Studies of exchange interactions and spin transport in heterogeneous materials have evoked long-standing interest in condensed matter physics for both fundamental and technological reasons. For instance, exchange-biased spin valves and magnetic tunnel junctions that incorporate ferromagnetic (and antiferromagnetic) metals with conventional metals (and insulators) form the backbone of mainstream spintronics technology. On the other hand, the juxtaposition of ferromagnets with superconductors has been driven by more fundamental questions, ranging from the precise measurement of spin polarization to the search for new phenomena created by competing order parameters. In this general context, we have been exploring spin-dependent phenomena in a variety of hybrid magnetic/semiconductor and magnetic/superconductor systems of varying scale and dimensionality. This talk provides a thematic motivation for such a program and describes the implications for spintronics, with glimpses of key results from some of our recent explorations.
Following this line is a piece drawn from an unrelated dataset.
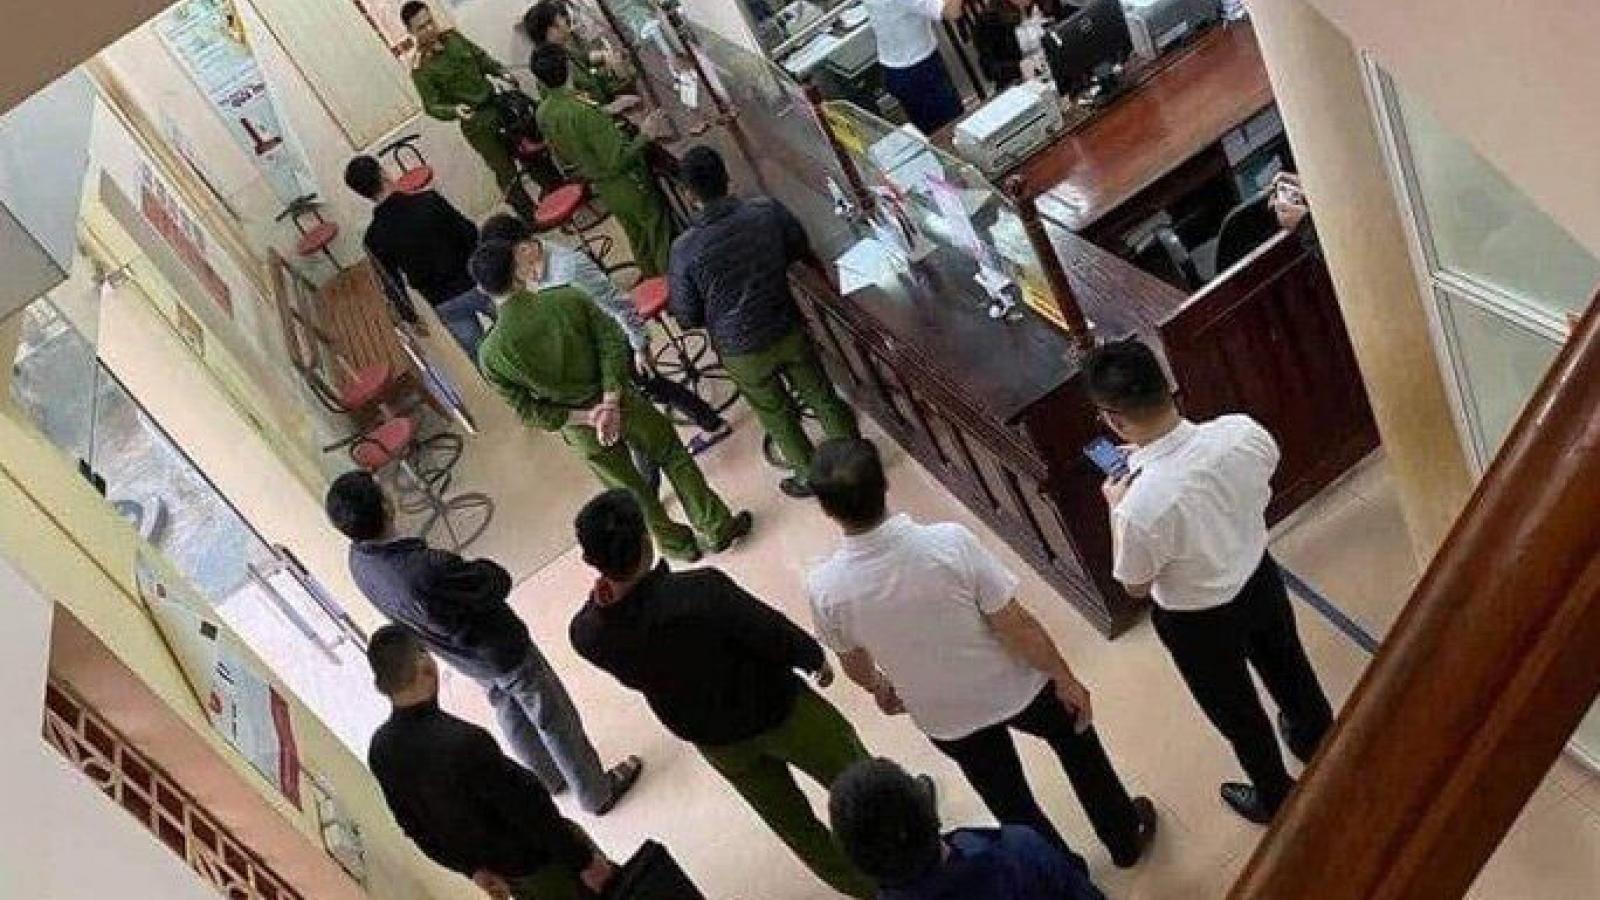 Bắt nghi phạm cướp ngân hàng ở Hòa Bình khi đang lẩn trốn ở Hà Nội
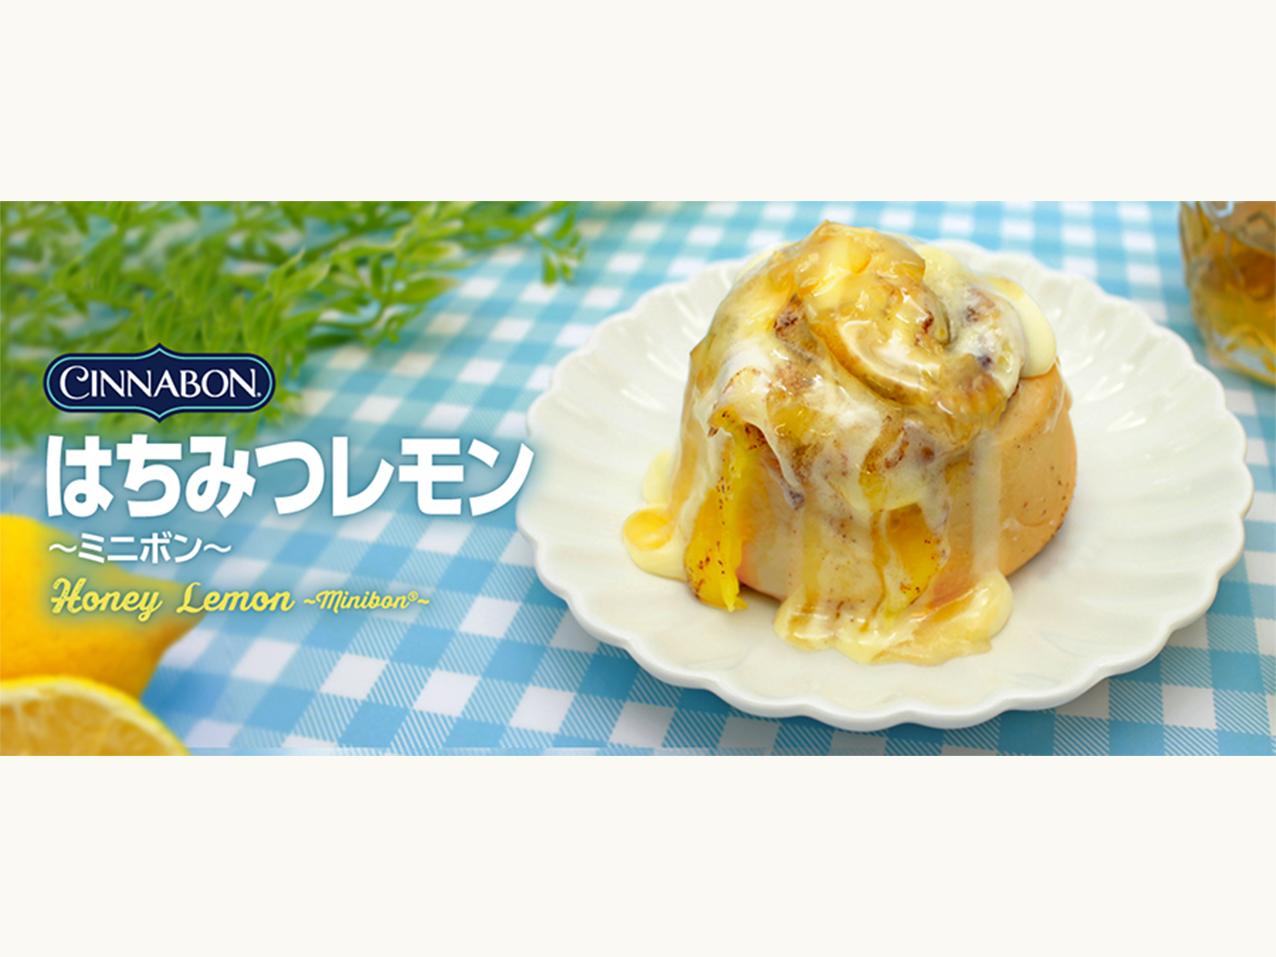 シナモンロール専門店「シナボン」が新商品「はちみつレモン~ミニボン~」を期間限定販売!

Using magnetometry and transport measurements in macro- and meso-scale metal/semiconductor spin valves and tunnel junctions, we develop a comprehensive picture of interfacial and interlayer exchange coupling in a regime distinct from analogous all-metal devices [1-4]. We also briefly describe emerging opportunities in “nanospintronics,” driven by the synthesis of axially- and radially-modulated magnetic/ semiconductor nanowires [5,6] and by the observation of long-ranged proximity effects in superconductor/ferromagnet nanostructures [7].

1. M. Zhu et al., Appl. Phys. Lett. 91, 192503 (2007).
2. M. Zhu et al., Phys. Rev. B 78, 195307 (2008).
3. M. J. Wilson et al., Phys. Rev. B 81, 045319 (2010).
4. P. Mitra et al., (in preparation, 2010).
5. B. J. Cooley et al., Nano Lett. 9, 3142 (2009).
6. N. Dellas et al., (submitted, 2010).
7. J. Wang et al., Nature Physics, 6, 389 (2010).